# Minuet in Bb major



## caters (Aug 2, 2018)

I composed an entire minuet in just a few minutes. It is way better than my first minuet(I never even finished that one, it was so bad), but I still might need to make some changes, particularly to the B section. I used motives to both intensify the B section as it moves to F major and to de-intensify it as it moves back to Bb major. Overall, it is in rounded binary form, which is typical for minuets.

View attachment Minuet in Bb.mp3

View attachment Minuet in Bb.pdf


What do you think of my minuet? Does it need any changes? If so, what changes? I tried to stay in the Baroque style, thus the melody and countermelody, but should I have an ending chord to both confirm that it is the ending and make the number of bars even? That would leave me with a bit of a coda to my minuet, which isn't typical.

And here is me addressing why I have the A section and the entire piece end in octaves instead of some other interval:

*Comment on octaves:*



> The octaves at the end of the first phrase and the whole piece lose some weight, where a different harmony could have been more effective.

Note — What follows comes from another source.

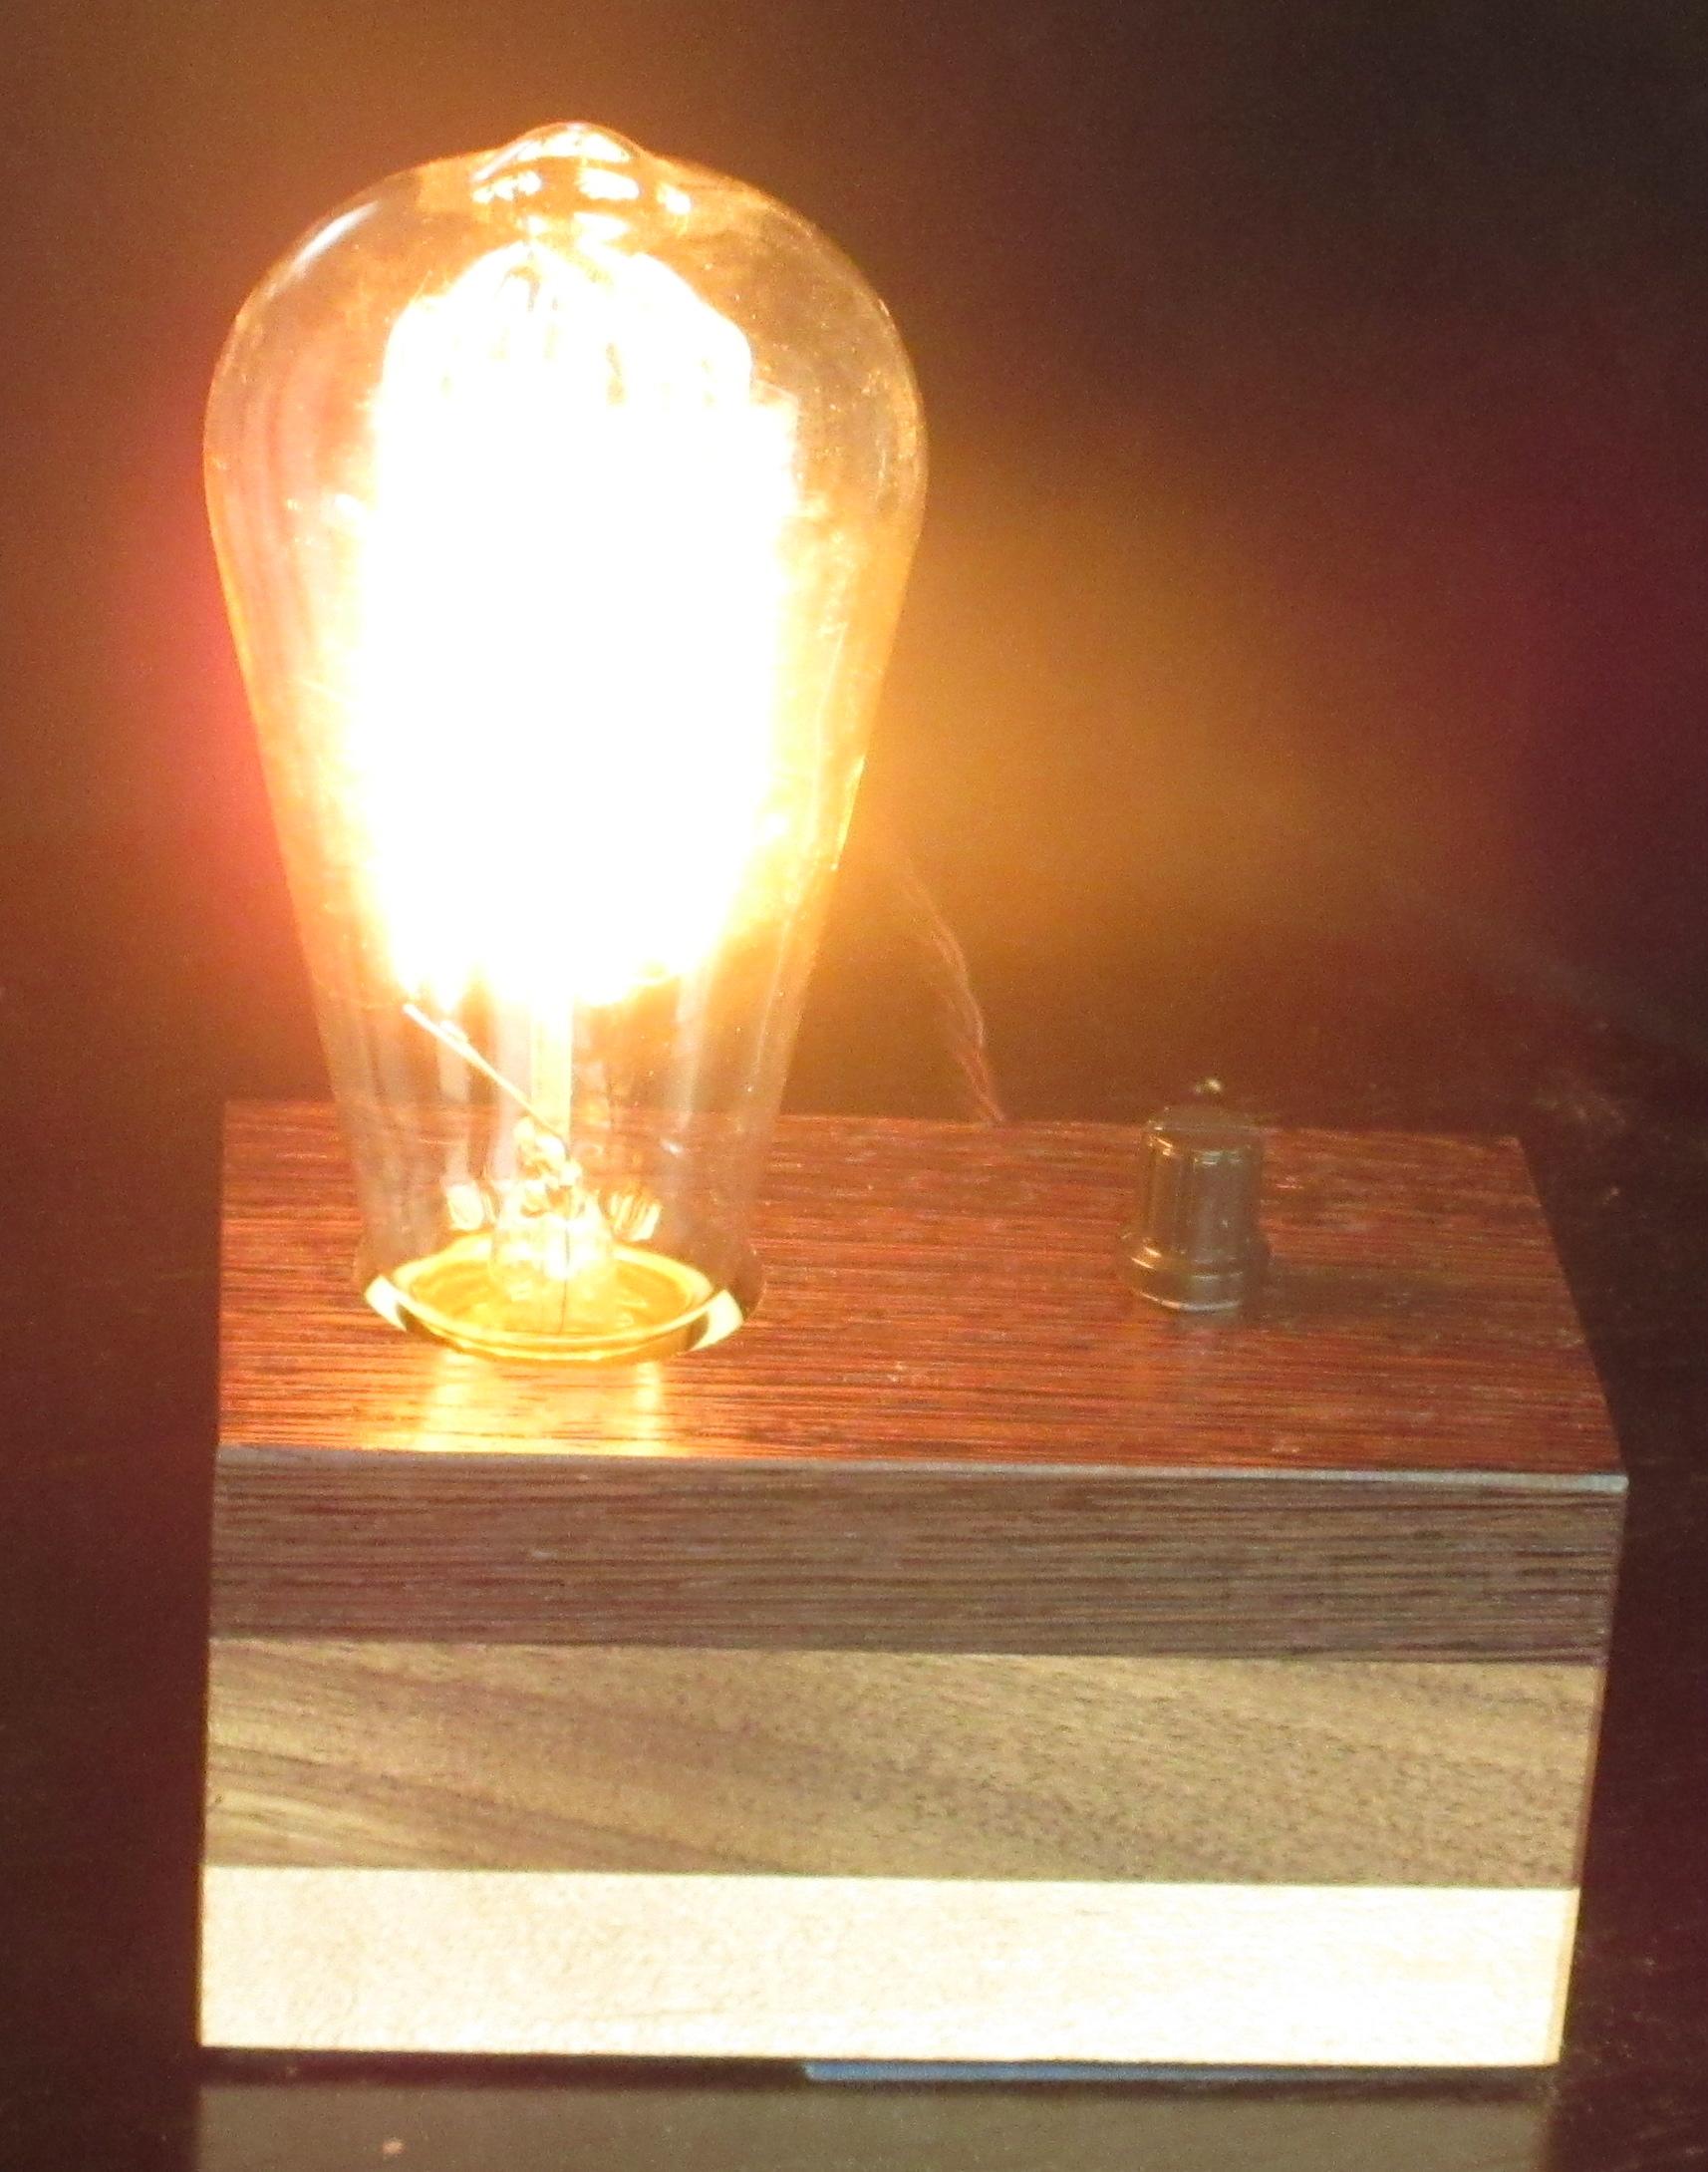 Wenge, Walnut, & Maple - 1 lamp

*My addressed argument for ending in octaves:*

Well, I wanted to make sure it sounded closed at the end of the A section and at the end of the piece, and I was doing 2 voice counterpoint, so I had it end in octaves for that reason(in my mind, the octave is the most closed of cadential intervals, especially when preceded by a leap in the bass). Also for that reason, I had the bass leap from F to Bb in the final cadence of both the A section and the piece. Here is the A section so you can see how I structured it:










So yeah, what do you think of my minuet? What changes does it need if any(besides the parallel octaves and direct fifths and octaves, I'm already aware of those)?


----------



## Phil loves classical (Feb 8, 2017)

I think you need a lower note to lead the melody before your beginning like a quarternote F to add contrast and make more symmetrical. It sounds like you're starting from the middle of a melody. Agree on the octave harmony at the end of the phrases, it lacks imagination. I think the 4th beats of bars 11 and 12 also lacking contrast or imagination especially when you repeated the F in the left hand for bar 12. I feel bars 14-20 with the sustained parallel motion doesn't have enough contrast or imagination since you're using diatonic notes which sound already established in the first line. I think you need more directional changes in the left hand overall.


----------